I've always had good service on AA, and I am pleased overall with how their employees are handling this current service slowdown.  So, in defense of AA, here's what happened to us....

My wife and I had award seats in business class from Southern California to Spain at the end of September (ONT --> DFW --> MAD, both legs on AA metal).  When we showed up for our 8 AM ONT to DFW flight, we learned that the plane had been taken by the earlier 6 AM flight.  No plane.  It didn't look good....

The AA  rep at the counter was working to rebook everyone.  We were offered a re-route:  BA from LAX to LHR in First Class, then Iberia business class from LHR to MAD.  This would cost us about a 5 hour delay, and it meant going through Heathrow (which I do not like to do), but it looked like a bird in the hand that would get us to Madrid and it was an upgrade to First class, so we took it.  AA paid for our taxi from ONT to LAX.  

It was a bit of a hassle getting into those First class seats.  Had to go back to the AA customer service counter at LAX and get them approved, but ultimately they were.  So AA is still taking care of its customers.

British Air First class on a 777-300 is a nice way to fly, by the way.

Our return to the USA will be on Iberia and British Air.  Hopefully there won't be any problems with those flights.


----------



## Carolinian (Oct 6, 2012)

cissy said:


> If you live on the east coast and want to travel along the east coast, AA is by far the most expensive.  Probably because one has to connect through Dallas/Fort Worth for anything that is not non-stop.  This not only adds a couple hundred dollars to the flight, but a couple hours as well.  I, for one, would welcome a merger with USAIR.

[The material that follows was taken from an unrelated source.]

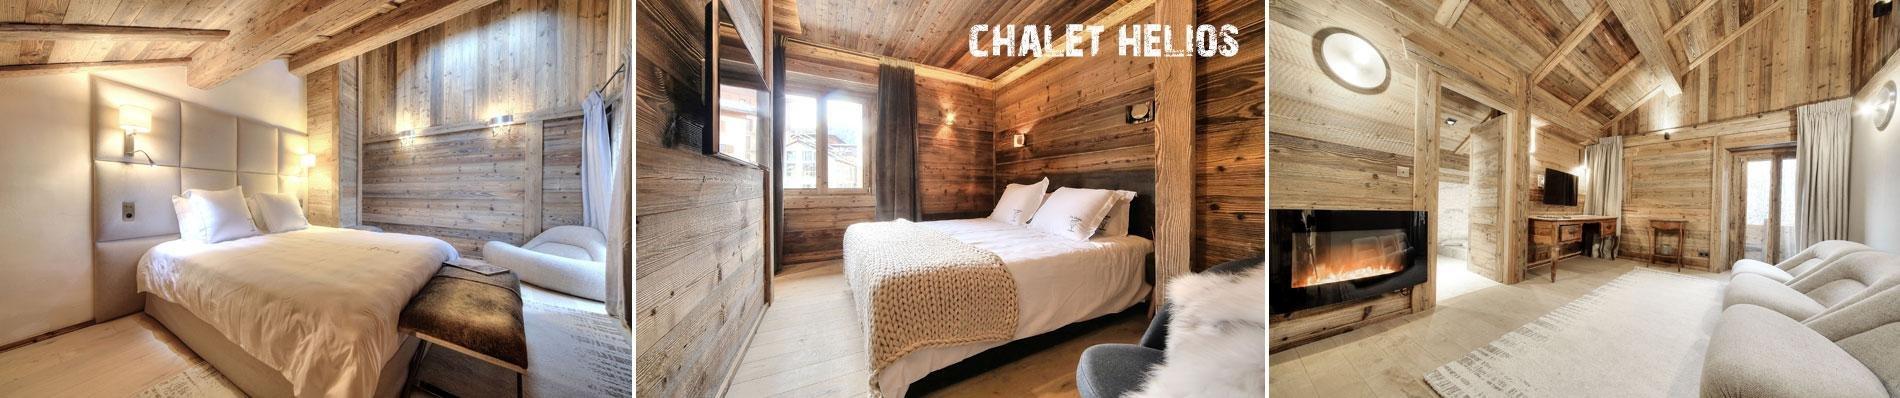 CHALET-COLLECTION hotels d'en haut megeve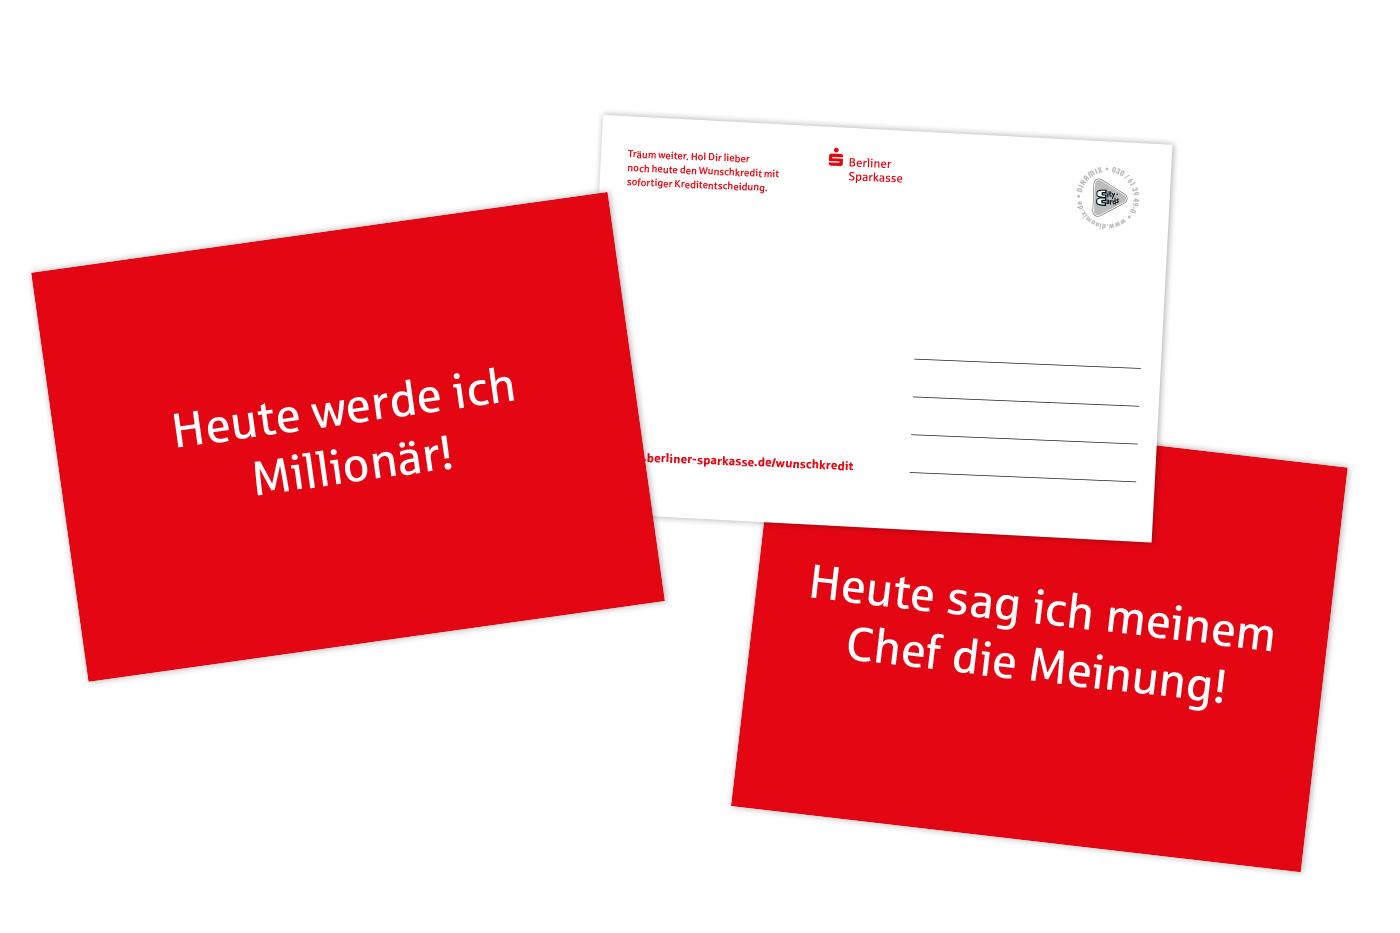 Wunschkredit_Citycards

If you were a frequent flyer, especially if you had elite status in an ff program you would care alot.  AA has the only decent ff program, especially the elite side of it, that is still out there.  US has a crappy ff program (although better than UA's).  A US takeover would be the ruination of AA's ff program.


----------



## timeos2 (Oct 6, 2012)

Carolinian said:


> If you were a frequent flyer, especially if you had elite status in an ff program you would care alot.  AA has the only decent ff program, especially the elite side of it, that is still out there.  US has a crappy ff program (although better than UA's).  A US takeover would be the ruination of AA's ff program.



Unsustainable FF programs - like the over blown demands of Unions - are what drive the high costs of operation. In the current, cost cutting and value based world of air fare (and other goods & services) this throw back to more profitable and exclusive times cannot survive. They have to be competitive in pricing (they are not) and at those lower rates cannot support the high union rates or extravagant FF features. 

The buying public has spoken and they take price over service. Unless they plan to be a higher priced, boutique style airline AA has to join most others in lowering costs, prices & service levels.  They cannot survive as they are structured now.


----------



## x3 skier (Oct 6, 2012)

Said it before and will say it again. The good old days of FF programs is over. With the inflation of instant status by getting just about any credit card, fewer flights overall, ridiculous bonus miles offers, route shrinkage, consolidation and other factors, this ain't like it used to be. 

I still can work some good deals but unless you reach the highest tiers, FF status is just about only good for free baggage check.

Not matter AA, DL, BA, UA or whoever the race to the bottom is almost over and the result is going to be a tie. AA was behind into the race to the bottom (by that I mean superior to most) but will close the gap. Economics demands it.

Use your miles as fast as you can while they are still worth something 

Cheers


----------



## Carolinian (Oct 6, 2012)

Actually ff programs are quite profitable for airlines because of the money they get from hotels, car rental companies, banks, etc. for selling miles.  They also add to the bottom line indirectly in another way, by geting loyalty from high fare business travellers.  Without decent ff programs, many business travellers who now make a point of flying a particular airline will just fly price and schedule.  The business travellers are where the money is for airlines.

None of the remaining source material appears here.